Although airlines stopped putting it in seatback pockets in 2015, longtime travelers might remember SkyMall, the offbeat in-flight catalog that peddled oddball wares such as chaise lounges for dogs, glow-in-the-dark toilet seats, and life-sized Stormtrooper suits. Thanks to SkyMall, the length of one’s flight could be measured just as easily in “oohs” and “ahs” as in miles or minutes.
During a keynote speech Tuesday at GEOINT 2019, The Honorable Dr. Lisa Porter gave the impression that artificial intelligence (AI) is a lot like the products in a SkyMall catalog: Because they sound so neat, you can’t help but want them. But do you really, actually need them? The truth is, not everyone does.
“AI is a bit of a shiny object … so sometimes we fall into that hammer-looking-for-a-nail problem,” said Porter, who is deputy under secretary of defense for research and engineering with the U.S. Department of Defense (DoD). “We have to be careful and recognize that not every problem is well suited to AI.”
Porter described how the research community both inside and outside DoD can advance AI in ways that maximize benefit over buzz. Step one, she said, is problem identification.
“Sometimes we’re not very good about describing problems,” explained Porter, who said succeeding with new technology requires “really digging into understanding the problem that you’re trying to solve [by] spending quality time with the end users who are currently addressing that problem.”
Along with a clear problem, AI demands good data.
“If you’ve decided that AI is really the appropriate approach to solving the problem, you also have to ask yourself … is it really possible to generate the type of AI data I’m going to need for the algorithms I want to deploy?”
Assuming it is, the next item on every AI shopping list should be explicit metrics, according to Porter. She offered as an example a search algorithm trained to identify cats versus one trained to identify missile launches. For the former, precision is paramount; you may not care if the algorithm returns every image of a cat, as long as every image it does return is, in fact, a cat.
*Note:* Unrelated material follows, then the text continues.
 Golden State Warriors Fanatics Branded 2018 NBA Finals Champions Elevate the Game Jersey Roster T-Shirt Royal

For the latter, recall is more important than precision; you may be willing to tolerate false positives in exchange for confidence that the algorithm will capture every image with a missile launch in it.
“These are the kinds of things you have to think about ahead of time when you’re defining metrics by which you’re going to improve and optimize your algorithms,” said Porter, adding that metrics are as important for making business cases as they are for improving algorithms. “At the end of the day, [users] have to be able to justify the cost of implementing your technology … and the only way they’re going to be able to do that is to show a quantitative measurement that exceeds the cost.”
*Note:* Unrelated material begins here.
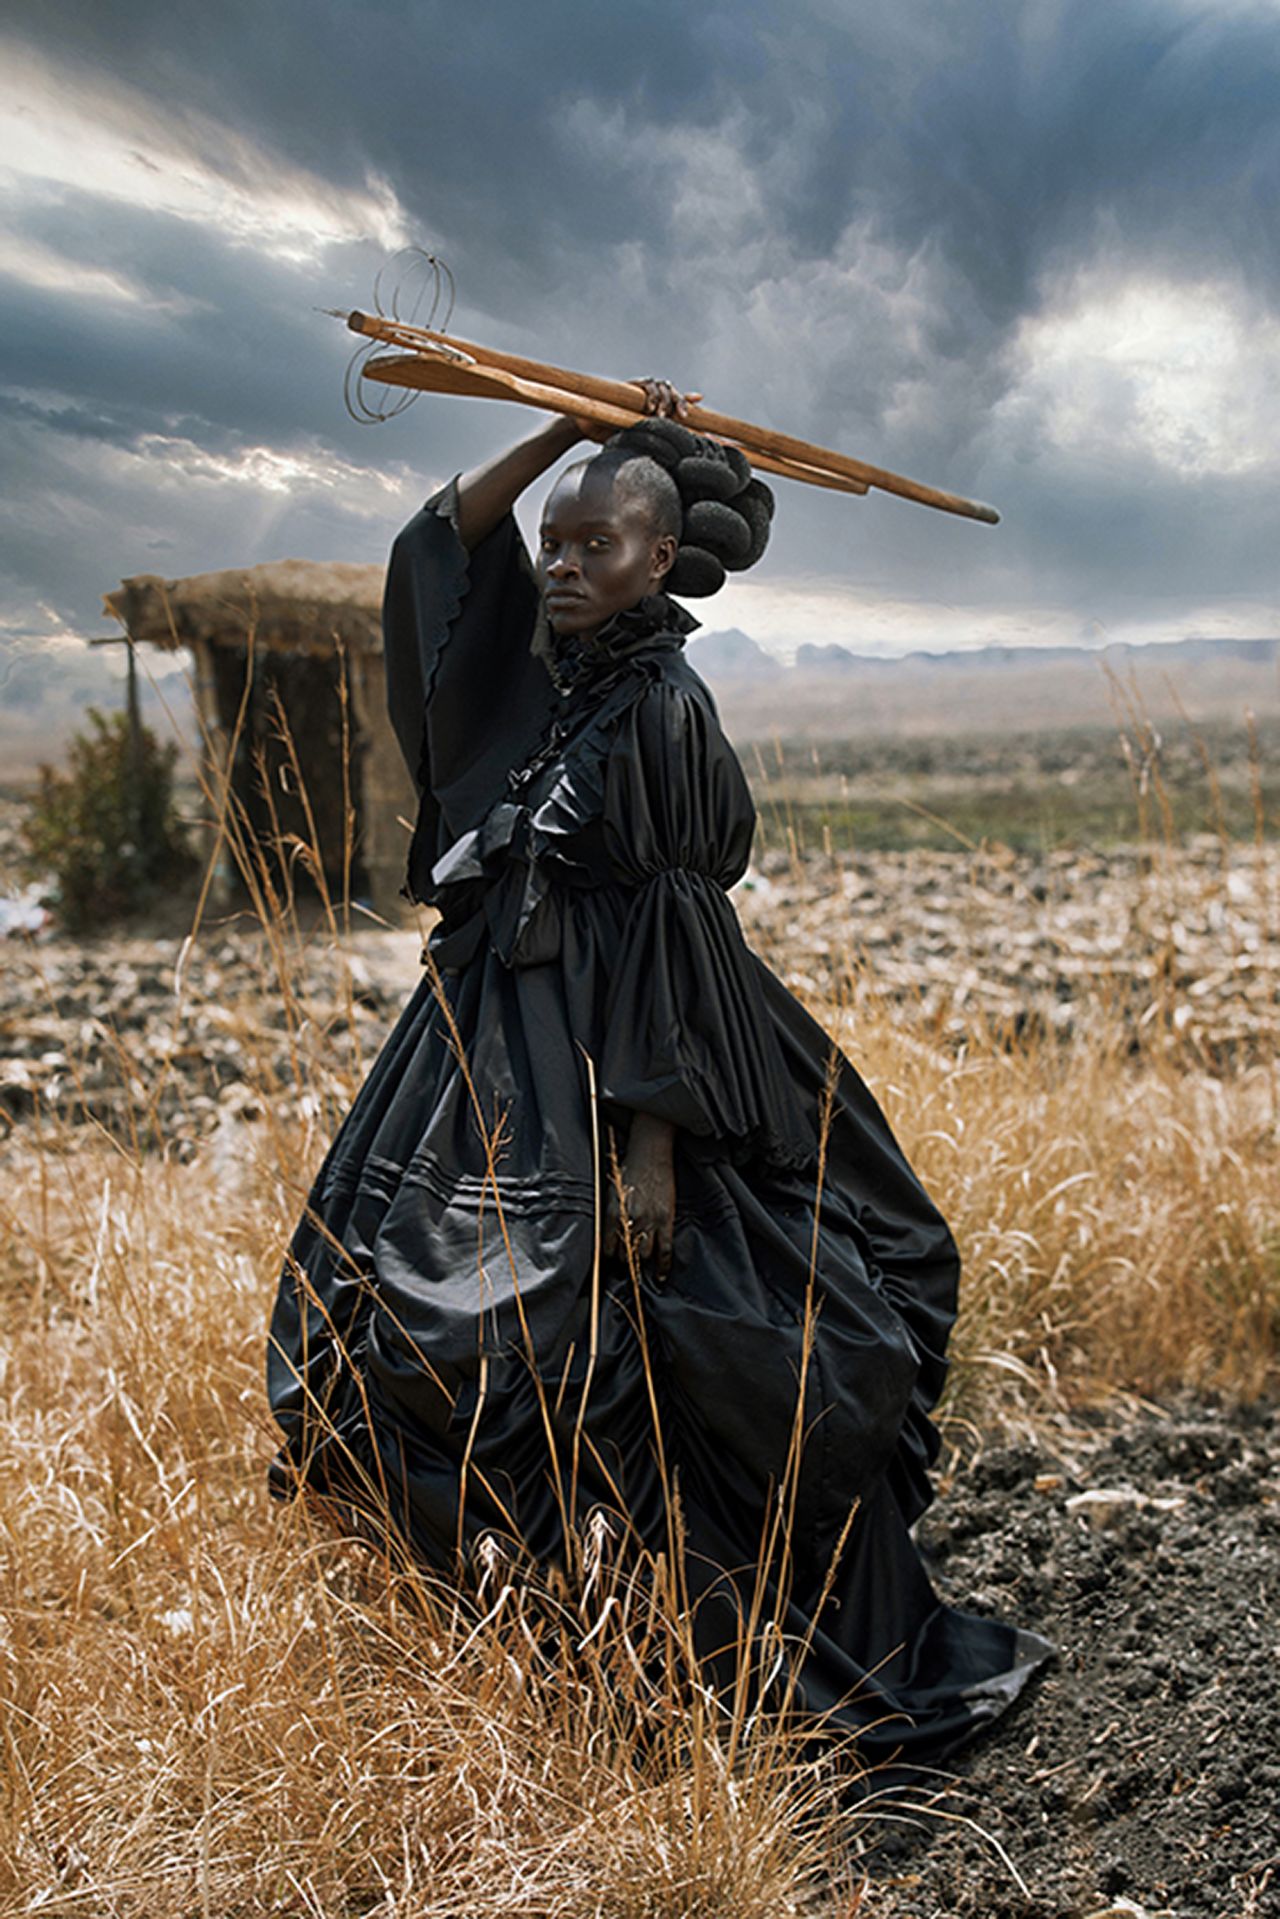 Tamary Kudita's winning image for the Open category, "African Victorian," reflects her own dual heritage.

Therein lies the shortcoming of most contemporary AI efforts, according to Porter: Their architects are so fixated on demonstrating new technology that they’ve yet to engineer systems to actually integrate it.
“A pilot is not adoption,” emphasized Porter. “The community must adhere to transparency so that we can get to reproducibility, so that we can get to trust. Because if we don’t understand these results are validated and reproducible, we at the DoD and in the national security community cannot use them.”
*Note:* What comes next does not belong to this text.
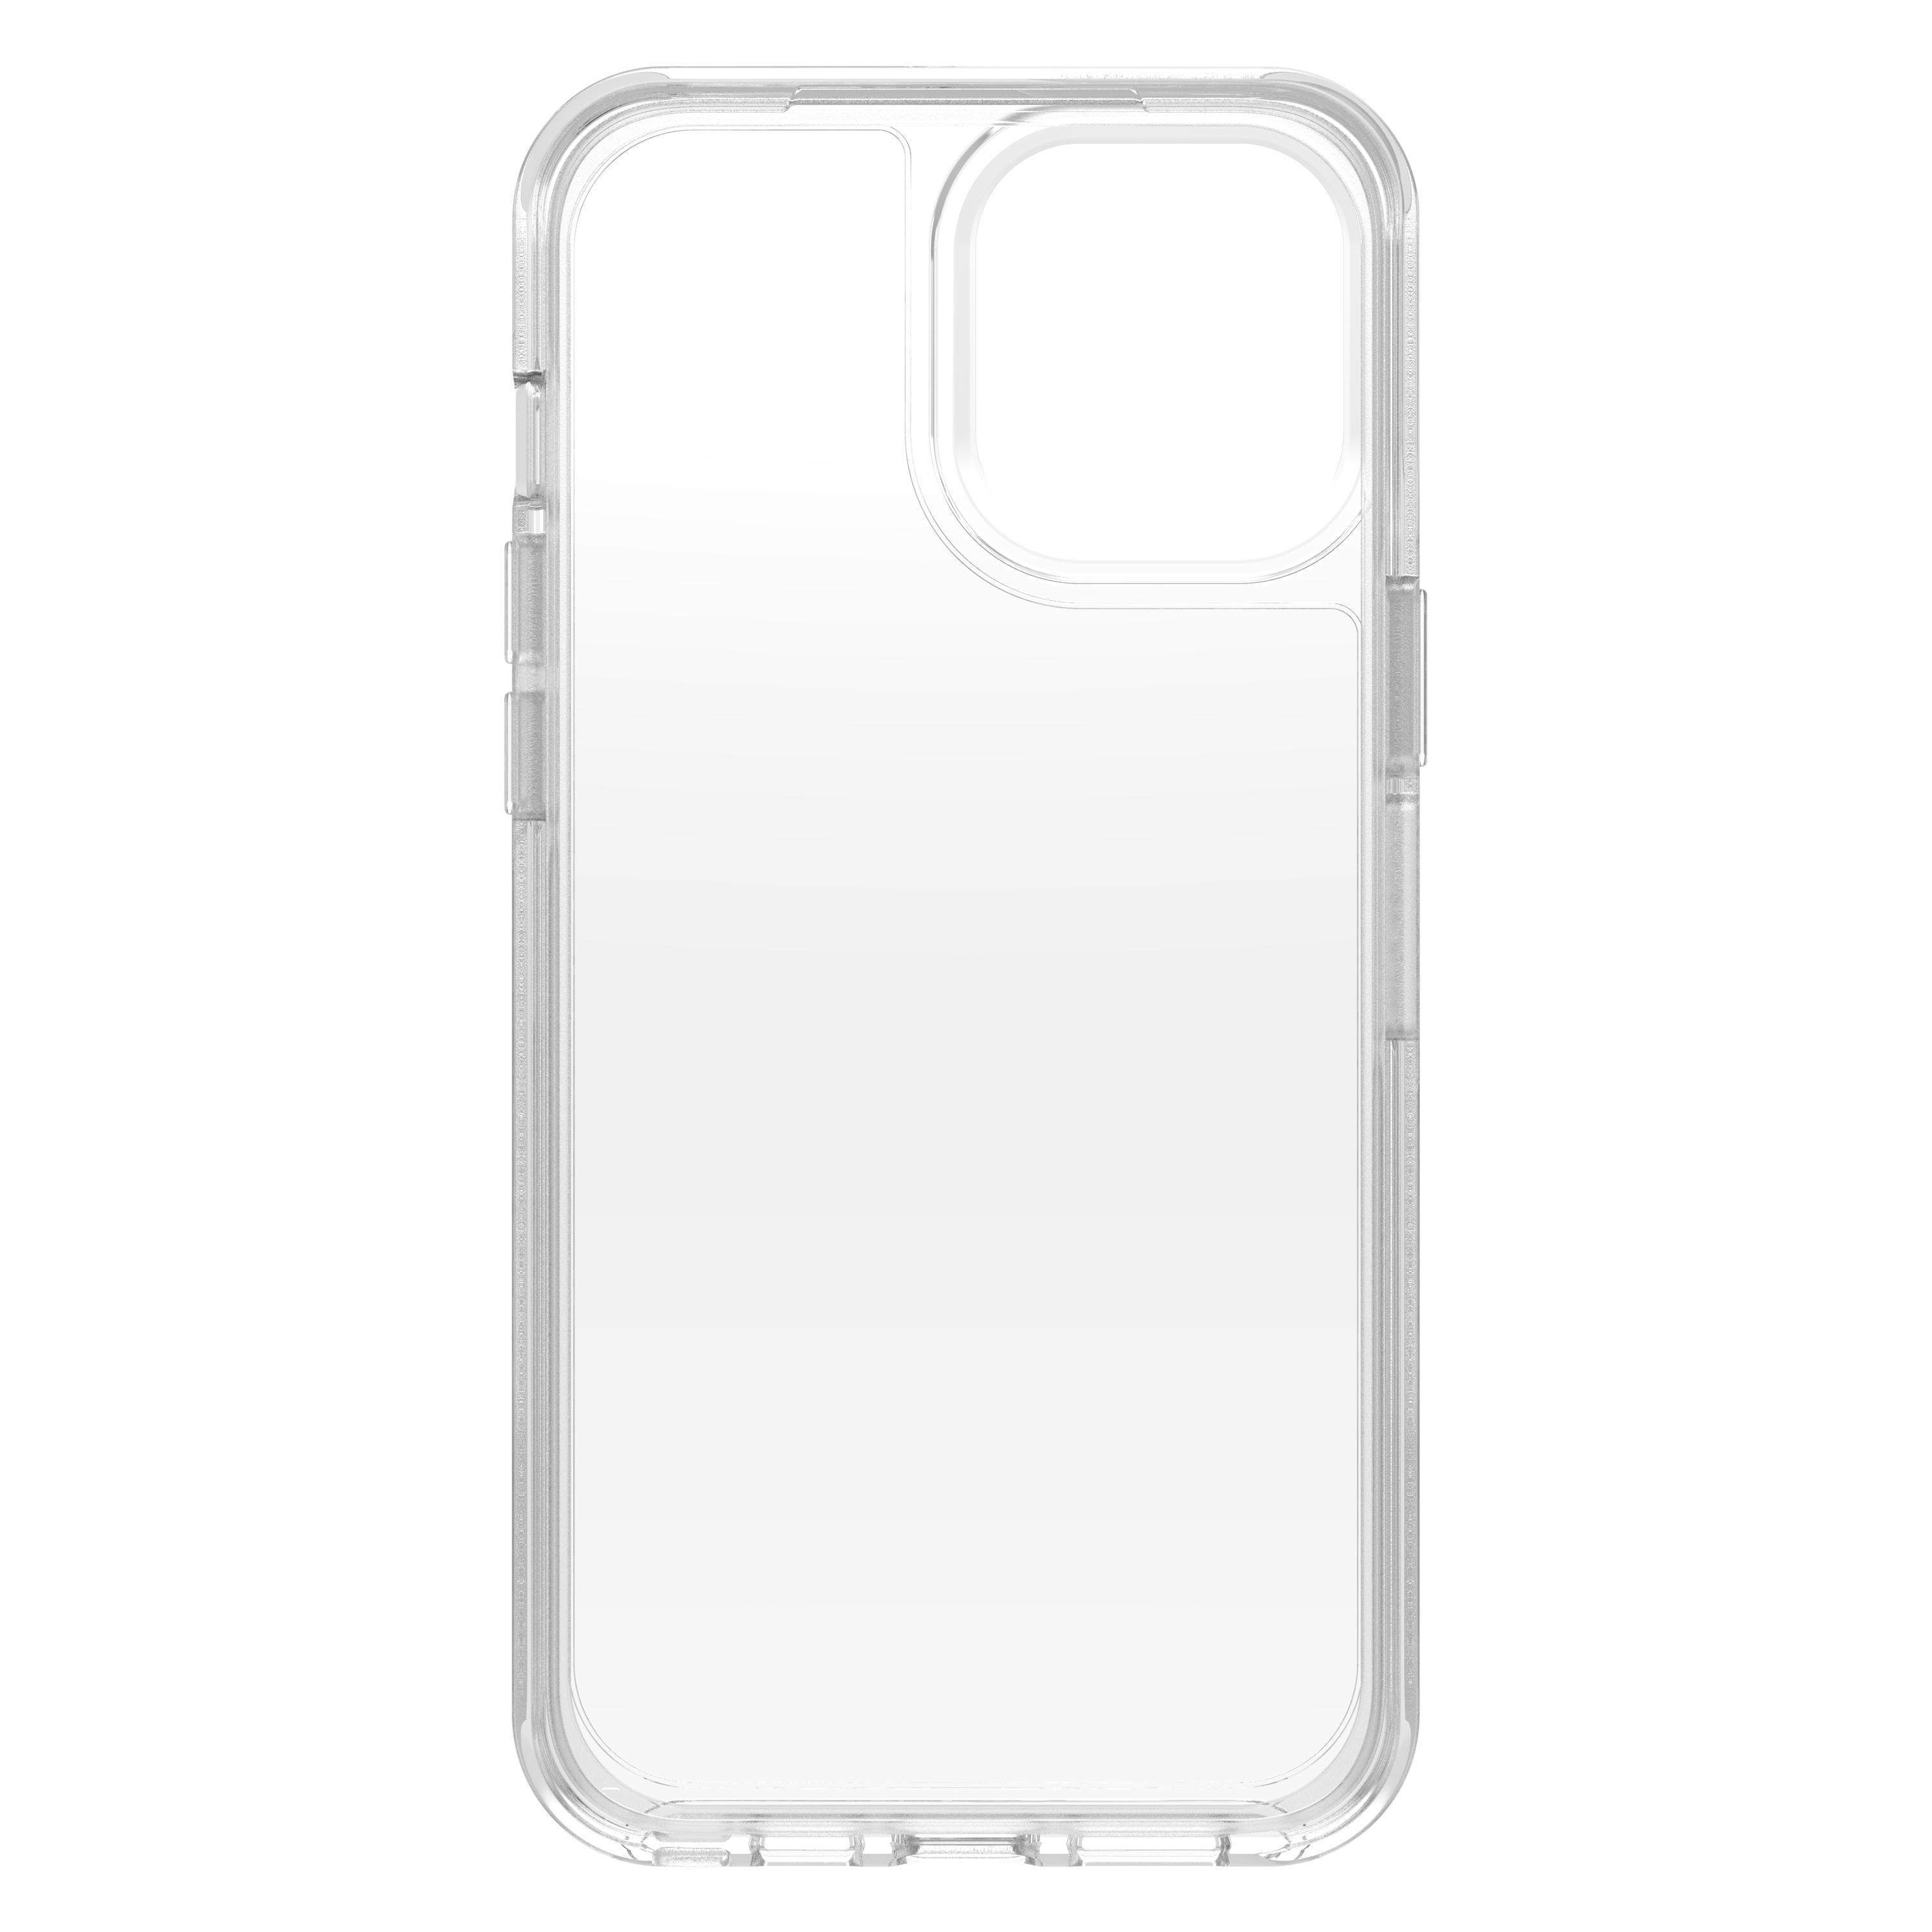 Pro + 12 OTTERBOX Transparent Apple, Symmetry Backcover, Max, iPhone Glass, Clear Alpha

Along with explainable AI, Porter said the scientific community should be laser-focused on: developing solutions to adversarial AI; reducing reliance on large datasets; and diversifying GEOINT algorithms in areas beyond image processing.
Porter put her priorities into two main categories, the first being AI systems engineering, and the second being research.
“We’ve got to continue to focus on research—challenge ourselves to move beyond our comfort level,” she said. “Otherwise, we’re never going to get to a point where we’re going to truly rely on these algorithms in mission-critical applications.”